Düşünüyordum. Geldiğini fark etmemişim."
Violet'in
yüzüne sevimli olduğu kadar da yaramaz bir gülümseme yayıldı. "Ne
düşünüyordun peki?"
Derin bir
nefes alıp yanaklarımı şişirdim ve ona bakarak yüzümü buruşturdum.
"Ne
olabilir tabi ki de rakibimi."
"Ah,
tatlım! Bu kadar düşünme. Sen gördüğüm en güçlü meleklerden birisin. Eminim o
şeytanın da üstesinden gelirsin." Violet'ın yüzündeki şefkat bir anda
şaşkınlığa dönüştü ve "Yoksa sen hala insanınla tanışmadın mı?" diye
sordu.
Kafamı iki
yana sallayarak yanıtladım onu. Sabahtan beri tanışmayı erteleyip duruyordum. O
şeytanla karşılaşacak olmak beni tedirgin ediyordu. Her ne kadar kendime itiraf
etmek istemesem de o şeytan ziyaretini bitirdikten sonra ziyarete gitmek için
uğraşıyordum. Tabi onun ziyareti ne zaman yapacağını ancak Tanrı bilirdi.
Önünde sonunda onunla karşılaşacağımı tabi ki de biliyordum ama bu kadar erken
olmasına da gerek yoktu sanırım.
Violet dile
getirmediğim şeyleri anlamış gibi gözlerini kısarak bana baktı ve ardından
kızılımsı kıvırcık saçlarının savrulmasına neden olacak şekilde zıplayarak oradan
oraya zıpladı. Beyaz eteğinin uçlarını tutup etrafında dönerek konuşmaya
başladı.
"Ben
tanıştım! Çok sevimli bir kız. İsmi Lena, o da senin insanın gibi 18 yaşında.

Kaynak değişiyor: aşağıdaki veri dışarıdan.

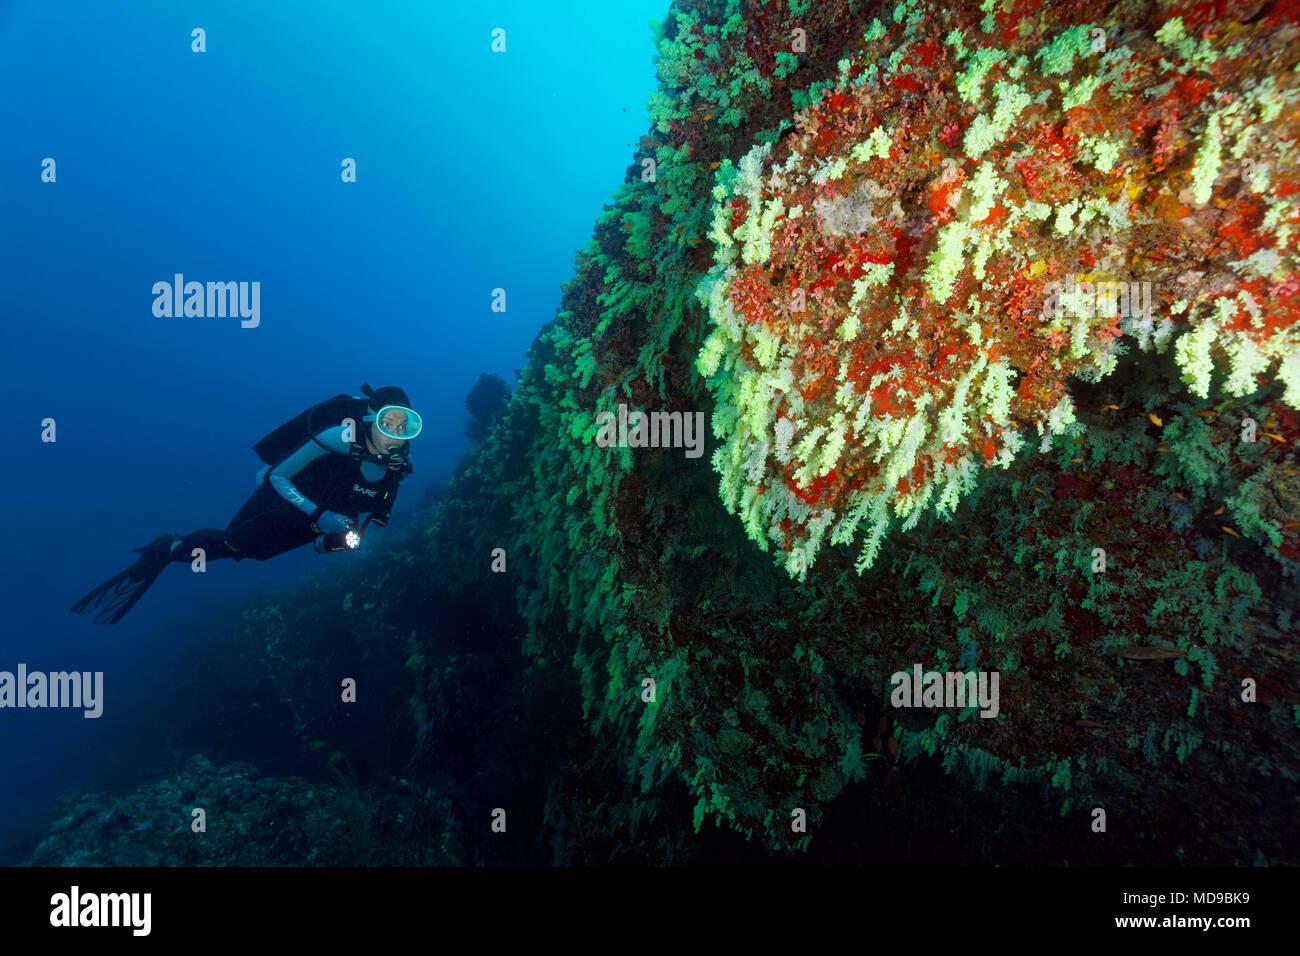 Taucher sieht an der Wand der Korallen Riff mit Weichkorallen (alcyonacea) Gelb, Hängen, Indischer Ozean, Malediven Stockbild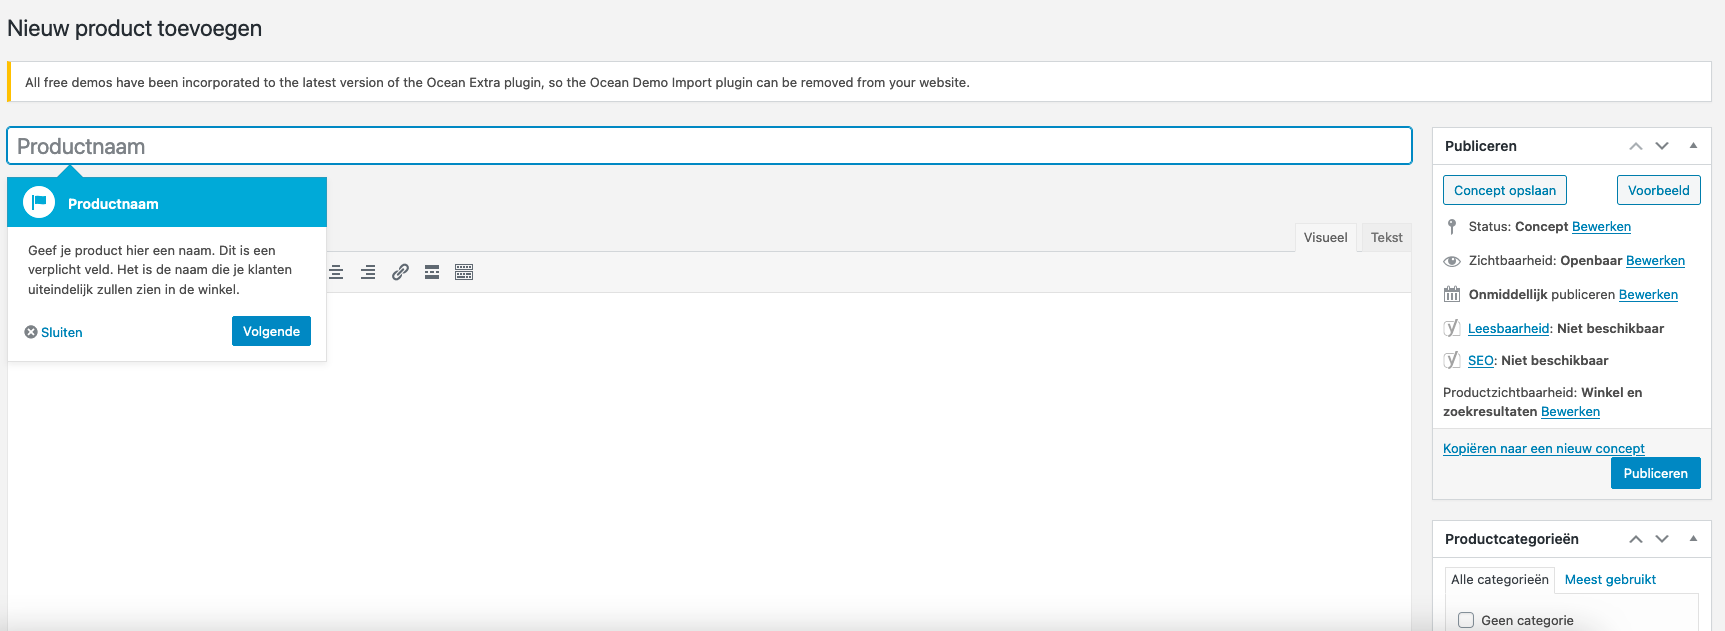 Nieuw product toevoegen aan je WooCommerce webshop

Görsen Sunny o kadar heyecanlı ki hiç yerinde duramıyor. Keşke onunla
karşılıklı olarak tanışabilseydik. Eminim çok iyi arkadaş olurduk."
Violet'ın
insanını ne kadar çok sevdiğini gözlerine bakınca anlamak mümkündü zaten. Bir an
için hala Robert'la tanışmadığım için kendimi suçlu hissettim. Sırf o şeytanla
karşılaşmaktan çekiniyorum diye tanışmaya gitmeyerek insanımı kendi ellerimle
ona teslim etmiştim neredeyse.
Yanımda
sabırla düşüncelerimi bir sonuca kavuşturmamı bekleyen kızıl saçlı meleğe dönüp
gülümsedim. O da bana sevimli bir gülümseme sunmuştu.
"Teşekkürler
Violet."
"Ben
bir şey yapmadım ki. Eğer yanına gelmeseydim biraz daha düşündükten sonra zaten
insanınla tanışmaya gidecektin. Ben sadece olayı hızlandırdım."
Kahkahama
engel olamadım. Onun bana olan güveni beni çok mutlu ediyordu. Aklıma gelen ani
bir şeyle tekrar ona döndüm.
"Peki,
senin rakibin kim?"
Violet'ın
yüzündeki gülümseme yavaş yavaş silindi ve bıkkın bir hal aldı. "Afrodit
adında bir şeytan. Kendini beğenmişin teki. Ama onu yenmekten büyük bir
mutluluk duyacağıma eminim."
"Ben
de." diyerek onu onayladım. Sonrasında onu balkonda yalnız bırakarak
insanımla tanışmak için yanından ayrıldım.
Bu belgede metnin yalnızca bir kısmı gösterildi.